1.
Tong
di matanya kembali pecah. Air suci jatuh membanjiri sudut mata Aruna. Mata yang
kini mematung, menatap jasad suaminya diangkat menuju liang lahat. Di
sampingnya, Rama mencoba menenangkan Aruna sambil memandang sekitar. Wajah-wajah
penuh kesedihan peninggalan mendiang. Di dalam hati mereka hujan turun,
sementara di hati Rama dan Aruna pelangi baru saja lahir.
2.
Malam
pertama setelah pemakaman.
Di
luar, keluarga besar Aruna masih berkumpul. Memanjatkan doa dan tahlil untuk
mendiang suami Aruna. Di kamar, Aruna duduk menghadap kaca meja rias sambil
melepaskan kerudung merah yang menutupi kepalanya. Ya, merah. Bukan hitam
seperti pakaian orang berkabung kebanyakan. Merah adalah warna kesukaannya.
Sesuai arti namanya dalam bahasa sansekerta. Rambut panjang Aruna kini terurai.

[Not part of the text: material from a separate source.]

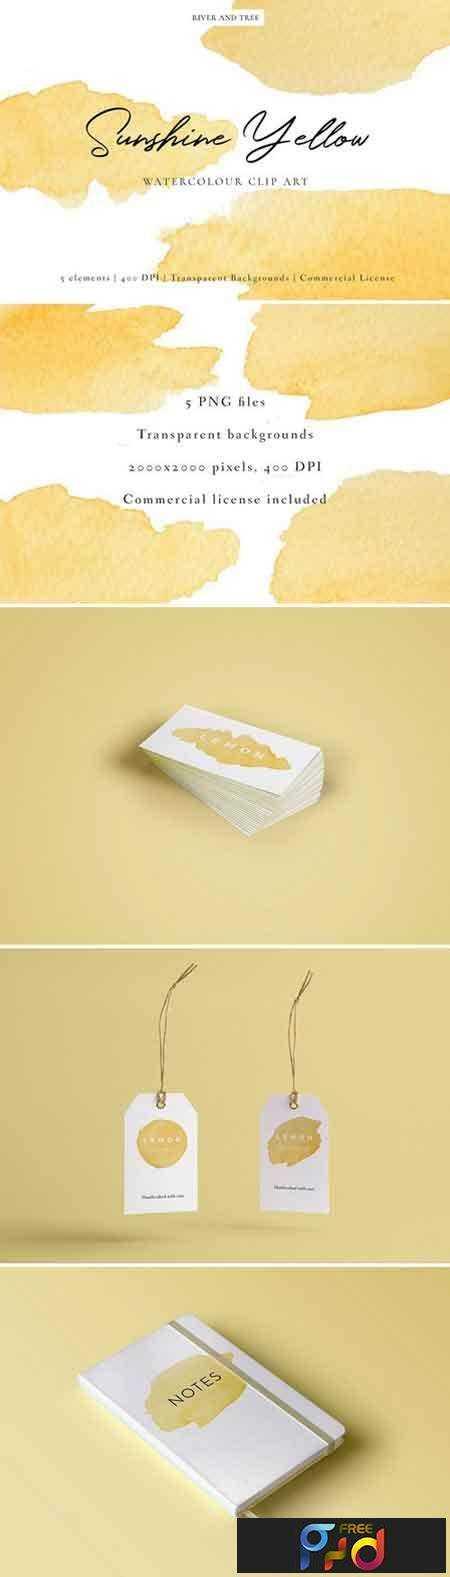 1804244 Sunshine Yellow Clip Art 2232576 1

Hitam bergelombang. Seperti saat mata menatap jauh aspal baru daerah
perbukitan. Mahkota di kepalanya itu kemudian ia sisir. Perlahan. Penuh kehati-hatian.
Aruna
memalingkan wajah, kemudian menjatuhkannya kembali ke tempat tidur. Tempat
tidur besar yang sebagian ditutupi selimut bermotif zebra. Dengan dua buah
bantal dan satu guling bermotif sama. Lalu tersenyum lega.
3.
Hari
kedua setelah pemakaman.
Aruna
baru saja melewati malam perdananya menjanda. Sendiri di kamar tidur sebesar
ruang tamu rumah tipe 60. Satria Birama, mendiang suaminya adalah seorang
pengusaha kaya. Anak pertama dari dua bersaudara yang sudah tidak memiliki
orang tua itu bergerak di bisnis properti dan telah memiliki beberapa anak
perusahaan di kota berkembang sebagian provinsi. Pertemuan pertama mereka pun
tidak jauh dari urusan bisnis ini. Dulu, Aruna adalah sekretaris salah satu
rekan bisnis Satria. Meeting yang
seringkali harus mempertemukan mereka, membuat Satria jatuh hati pada Aruna.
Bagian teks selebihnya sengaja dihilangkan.